ルシアナ・ソーザは、サンパウロ出身、名付け親は、稀代のマルチ・インストゥルメンタリスト、エルメート・パスコアルという音楽一家に生まれた。80年代後半に渡米し、ボストンのバークリー音大、ニュー・イングランド・コンサーヴァトリーで学位を修得、90年代半ば頃から本格的な演奏、創作活動を始めた。現在までにダニーロ・ペレス(p)、エルメート・パスコアル、マリア・シュナイダー(arr)、ジョン・パティトゥッチ(b)、クラレンス・ペン(ds)らグループに参加しつつ、アメリカで注目されているアルゼンチン出身のクラシック作曲家オズワルド・ゴリジョフの作品にも、ソリストとして参加、ボストンやロス・アンジェルス・シンフォニーと共演した。すでに5枚のリーダー・アルバムをリリースし、前作「ノース・アンド・サウス」(Sunnyside
2003)、2001年のホメロ・ルバンボ(g)との「ブラジリアン・デュオ」(Sunnyside)は、グラミー賞ジャズ・ヴォーカル・アルバム部門にノミネートされ、順風満帆にキャリアを積み上げている。
最新作「ネルーダ」は、英国のマイケル・ラドフォード監督の映画「イル・ポスティーノ」(1994)でモデルとなった、チリのノーベル賞受賞詩人パブロ・ネルーダ(1904~73)と、スペインのクラッシック作曲家フェデリコ・モンポウ(1893~1987)に触発されたアルバムである。ネルーダの初期の代表作「20の愛の詩と1つの絶望の歌」(1924)や、「気まぐれ詩集」(1958)、「100の愛のソネット」(1959)、「イスラ・ネグラの手帳」(1964)から抜粋した英訳詩に、モンポウ晩年の傑作「歌と踊り」(1979)のメロディの一部を引用したソーザのオリジナル・チューンを、エドワード・サイモン(p)とのデュオと、自らのパーカッションの伴奏で歌った意欲作だ。
ピアノと、いくつかのパーカッションだけというシンプルなステージが、彼らの登場を待っている。客席には、マリア・シュナイダー、クラレンス・ペン、マイク・マイニエリ(vib)ら、ミュージシャンの姿があった。エドワード・サイモンが繊細なタッチで、ミニマルなモンポウのメロディを紡ぎ、ルシアナ・ソーザを導く。ソフト・タッチながら,凛としたコアをもつ独特のヴォイスが、一つ一つの言葉を慈しむように奏でている。リズミックな詩には、クレイ・ポット・ドラム、タンゴで使われる箱形の椅子の打楽器カフォーン、カリンバ、トライアングルを、ソーザが演奏し、抑揚を強調する。

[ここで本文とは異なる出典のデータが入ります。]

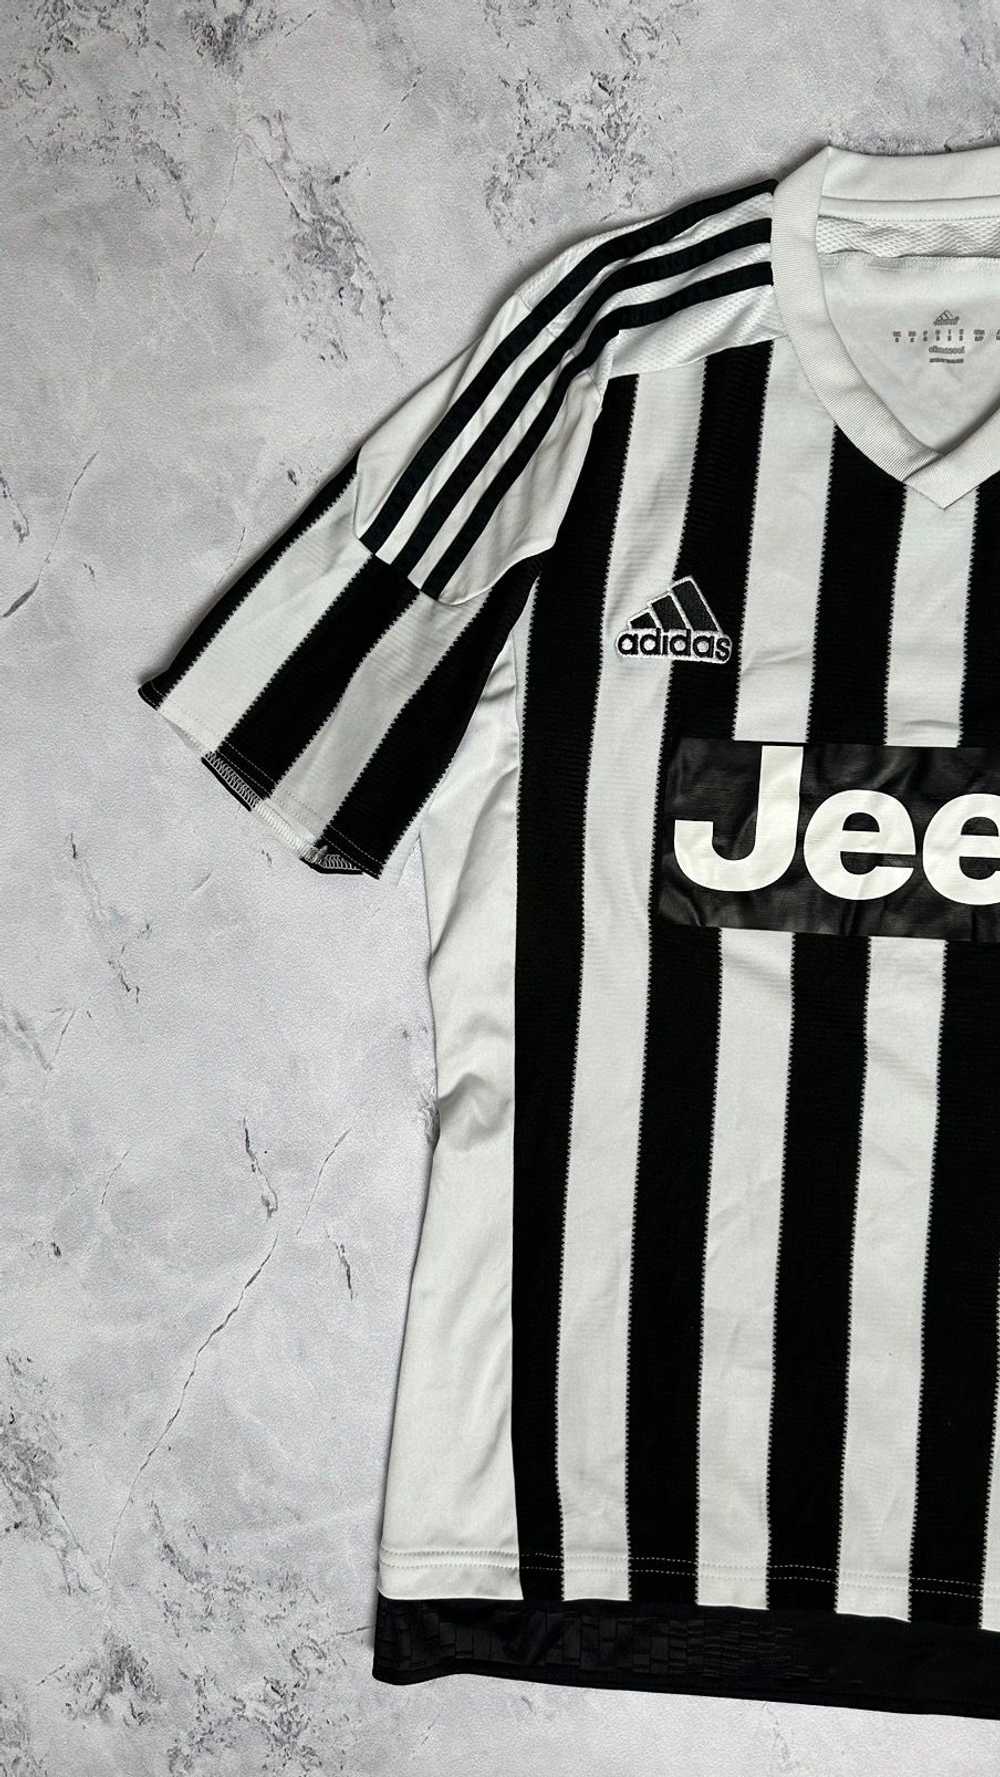 Adidas × Soccer Jersey Juventus 2015 - 2016 Home … - image 2

共演者のサイモンは、ヴェネズエラ出身でクラッシック・ミュージックのバックグラウンドと、ボビー・ワトソン(as)、テレンス・ブランチャード(tp)らとのジャズ、ジェリー・ゴンザレス(per)、パキート・デ・リヴェラ(as,cl)らとの共演からのラテン・ミュージックと、多くのフレイヴァーをもち、デュオという最小限のアンサンブルに、大きな拡がりをもたらす。ソーザは、詩の朗読をした。外交官としてアジア諸国に赴任し、政治家として体制側と対立し、チリ脱出を余儀なくされたネルーダは、様々な詩作を残しているが、ソーザがセレクトした詩は、パーソナルな感情を、ストレートに表現した作品だ。卓越したパフォーマーのソーザとサイモンに、研ぎ澄まされたモンポウのメロディー、心の琴線に共鳴するネルーダの言葉、4つの才能がハーモニーを創り、美しい音楽が生まれるコラボレーションを、聴かせてくれた。(4/9/2004
於 Joe's Pub, NYC)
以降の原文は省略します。